Обломов увидел, что и он далеко хватил. Он вдруг смолк, постоял с минуту, зевнул и медленно лег на диван.

Оба погрузились в молчание.

— Что ж вы читаете? — спросил Пенкин.

— Я... да все путешествия больше.

Опять молчание.

— Так прочтете поэму, когда выйдет? Я бы принес... — спросил Пенкин.

Обломов сделал отрицательный знак головой.

— Ну, я вам свой рассказ пришлю?

Обломов кивнул в знак согласия...

— Однако мне пора в типографию! — сказал Пенкин. — Я, знаете, зачем пришел к вам? Я хотел предложить вам ехать в Екатерингоф; у меня коляска. Мне завтра надо статью писать о гулянье: вместе бы наблюдать стали, чего бы не заметил я, вы бы сообщили мне; веселее бы было. Поедемте...

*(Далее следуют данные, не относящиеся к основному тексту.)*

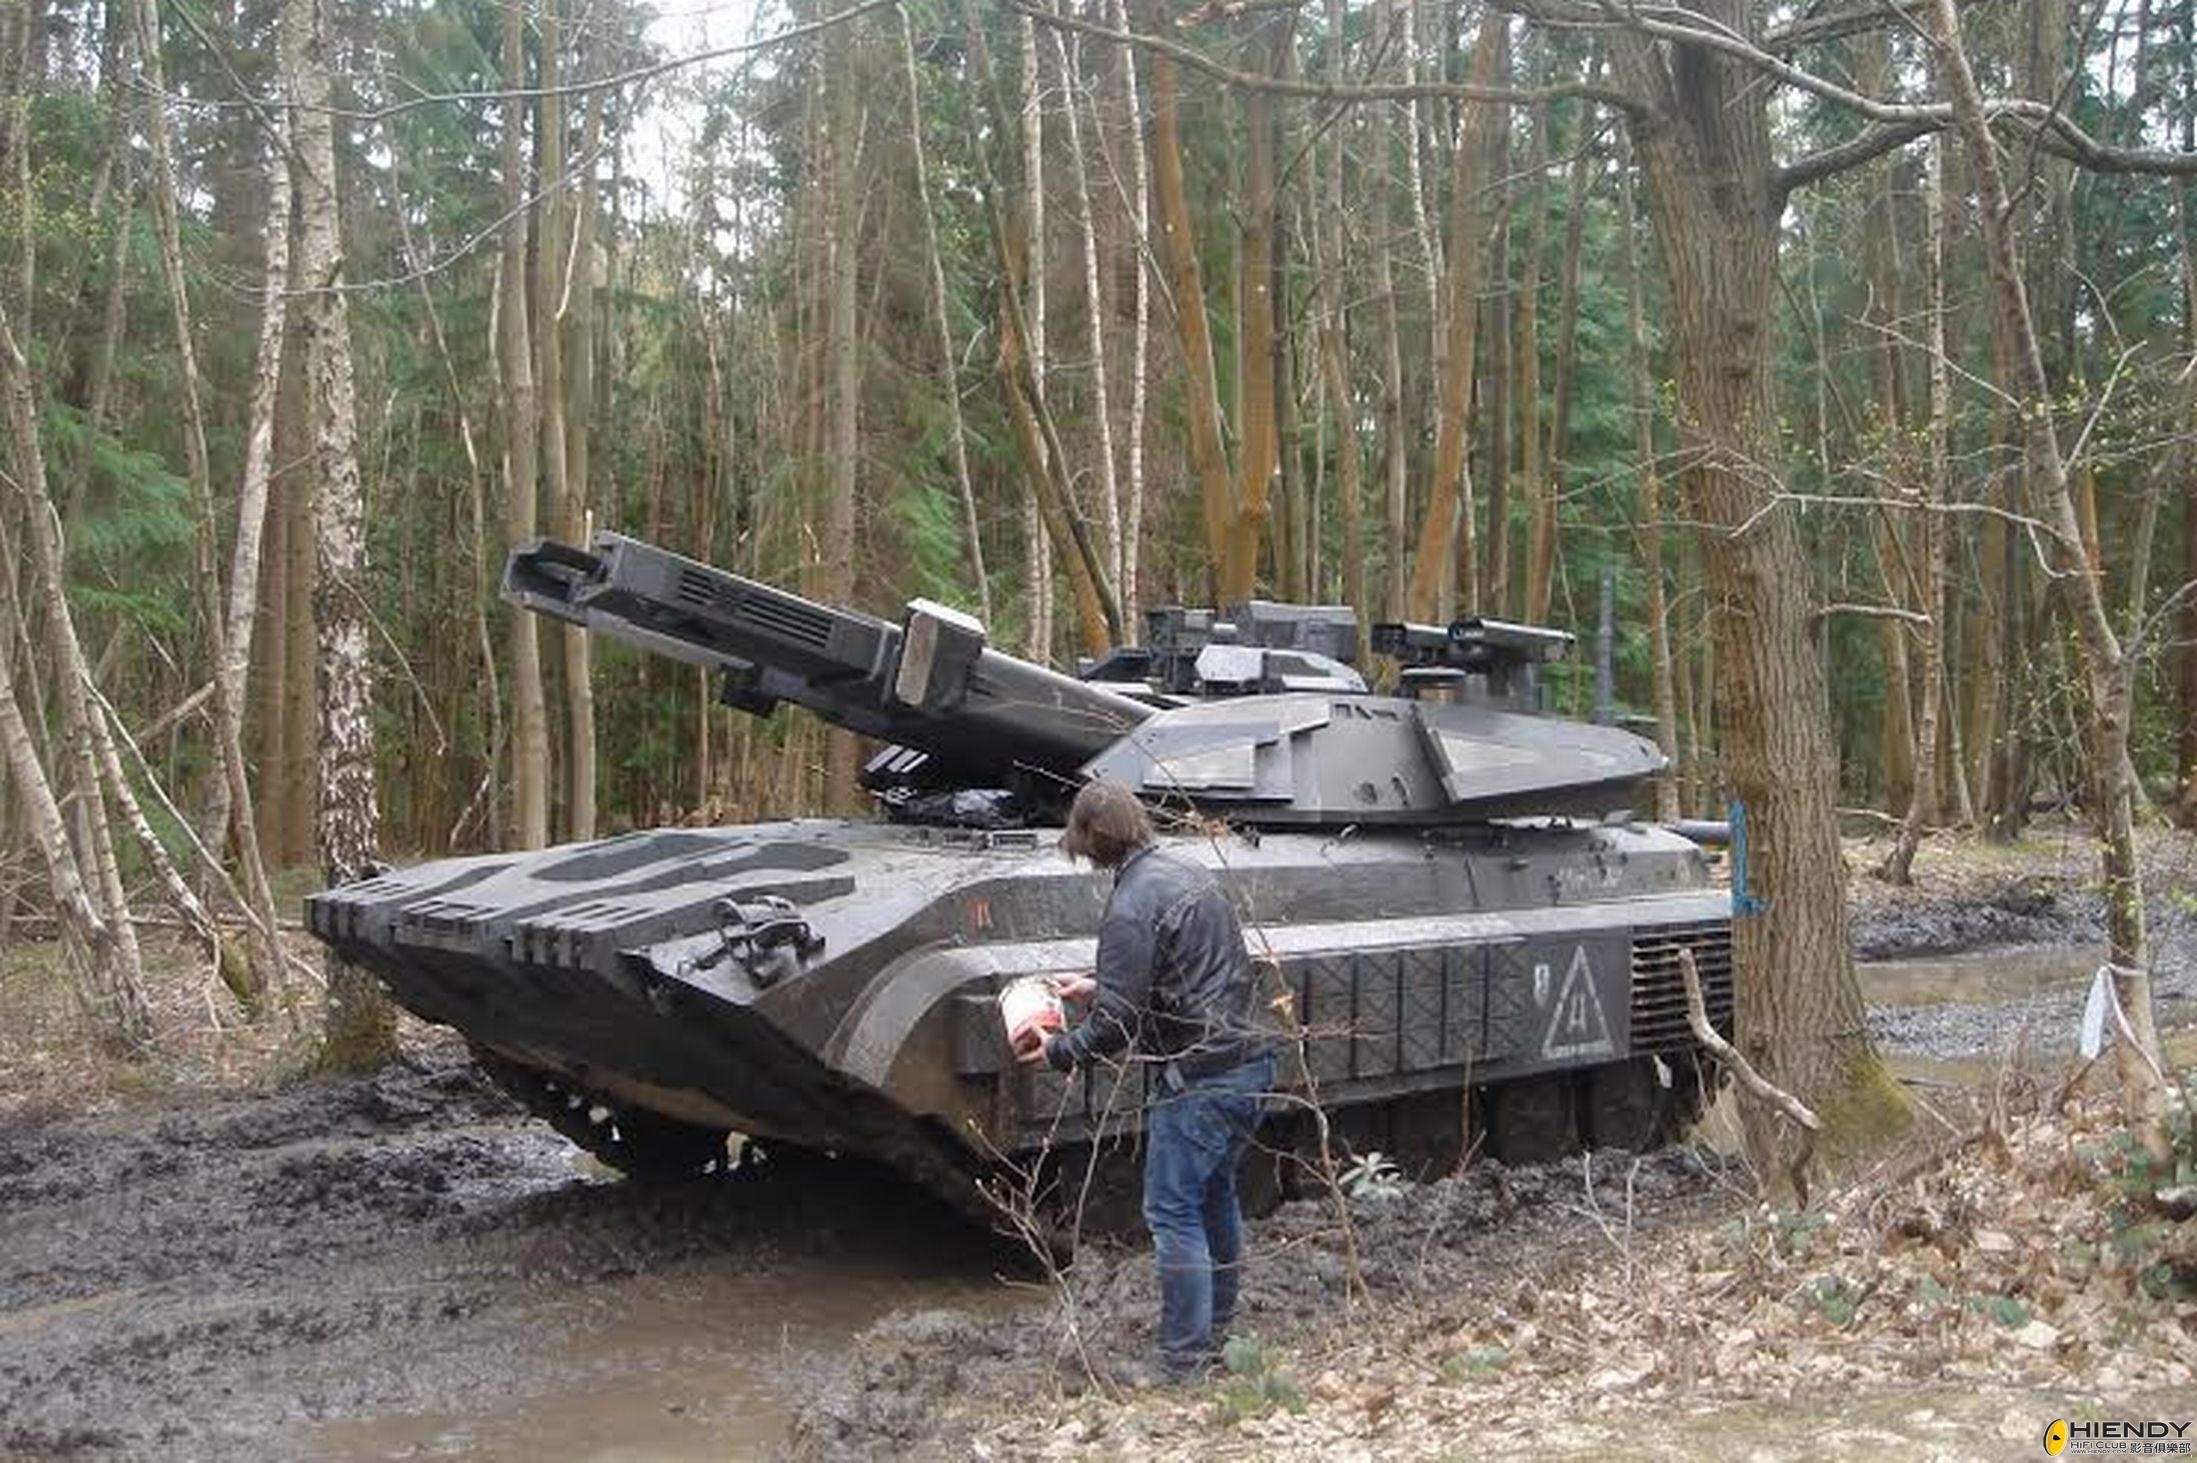 Avengers-filming-in-Hampshire-woods-3395320.jpg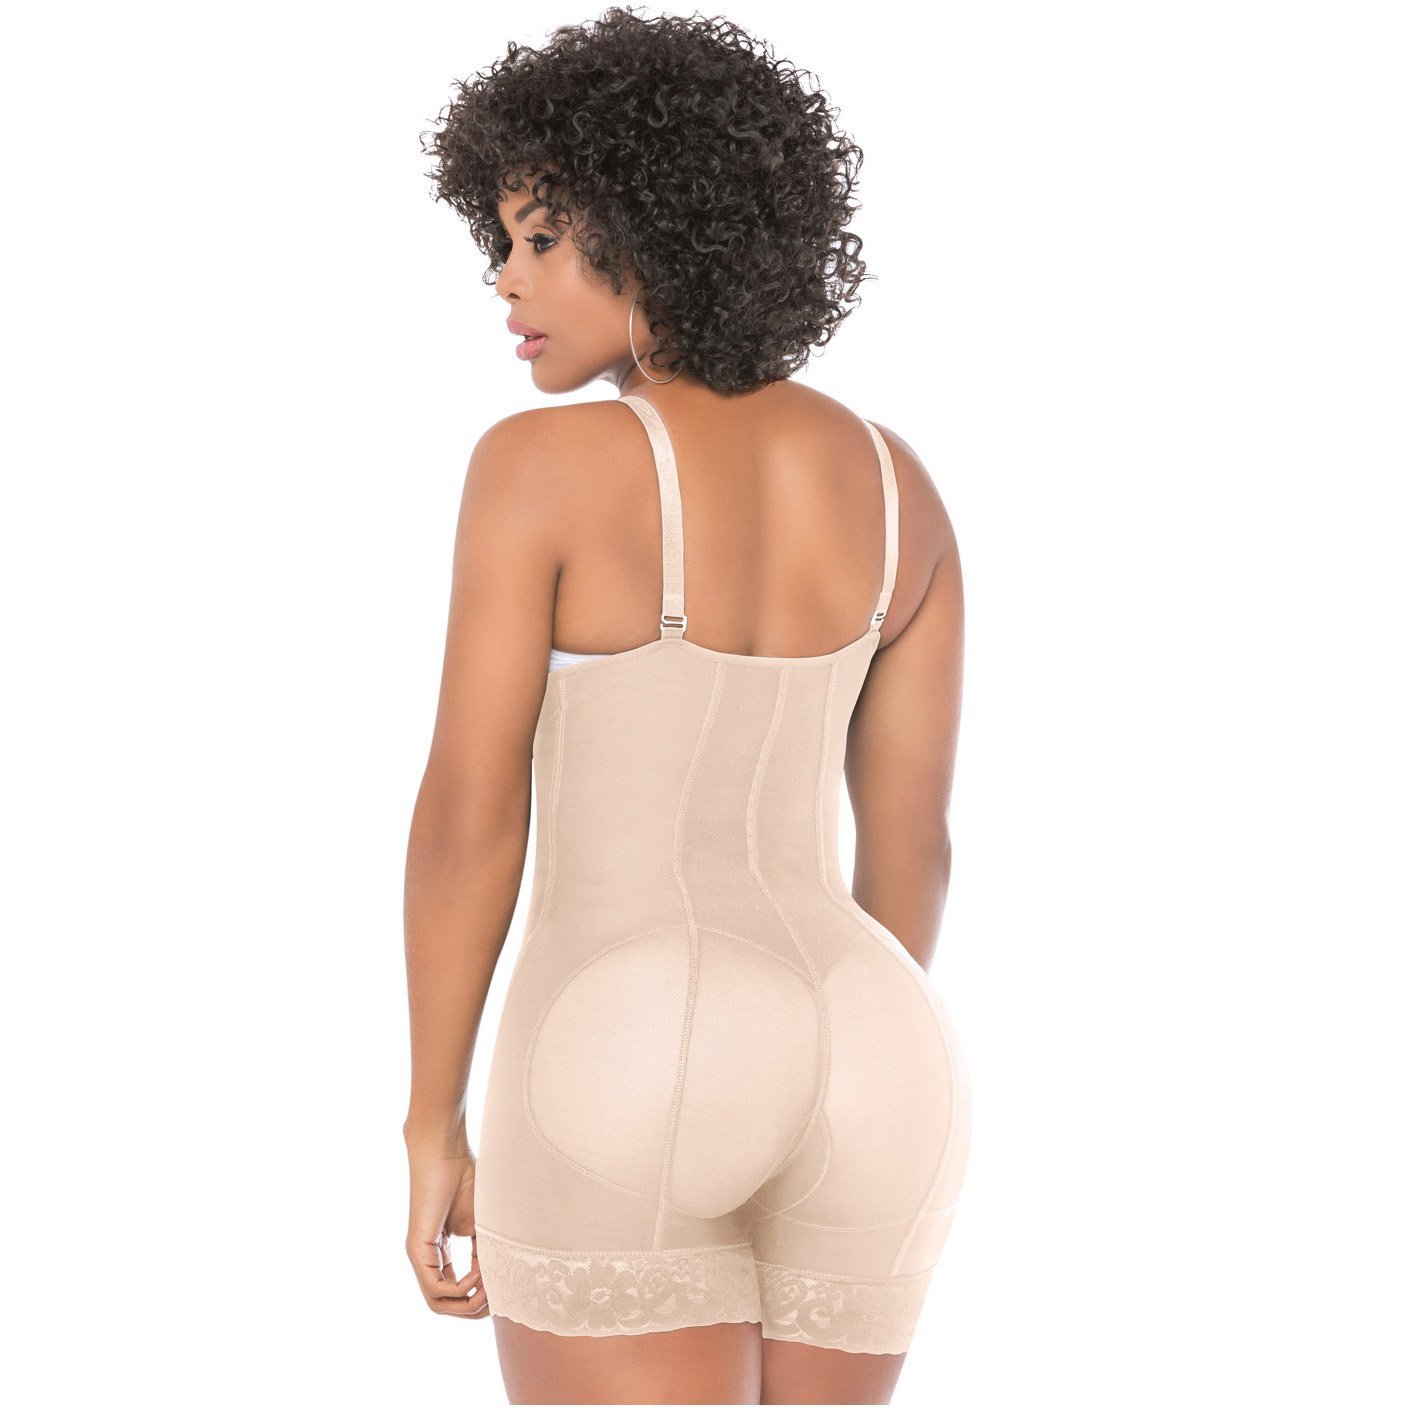 FAJAS SALOME 0214 Mid Thigh Strapless Body Shaper for Dresses - New England Supplier

— Нет, нездоровится, — сказал Обломов, морщась и прикрываясь одеялом, — сырости боюсь, теперь еще не высохло. А вот вы бы сегодня обедать пришли: мы бы поговорили... У меня два несчастья...

— Нет, наша редакция вся у Сен-Жоржа сегодня,[50] оттуда и поедем на гулянье. А ночью писать и чем свет в типографию отсылать. До свидания.

— До свиданья, Пенкин.

«Ночью писать, — думал Обломов, — когда же спать-то? А поди, тысяч пять в год заработает! Это хлеб! Да писать-то все, тратить мысль, душу свою на мелочи, менять убеждения, торговать умом и воображением, насиловать свою натуру, волноваться, кипеть, гореть, не знать покоя и все куда-то двигаться... И все писать, все писать, как колесо, как машина: пиши завтра, послезавтра; праздник придет, лето настанет — а он все пиши? Когда же остановиться и отдохнуть? Несчастный!»

Он повернул голову к столу, где все было гладко, и чернила засохли, и пера не видать, и радовался, что лежит он, беззаботен, как новорожденный младенец, что не разбрасывается, не продает ничего...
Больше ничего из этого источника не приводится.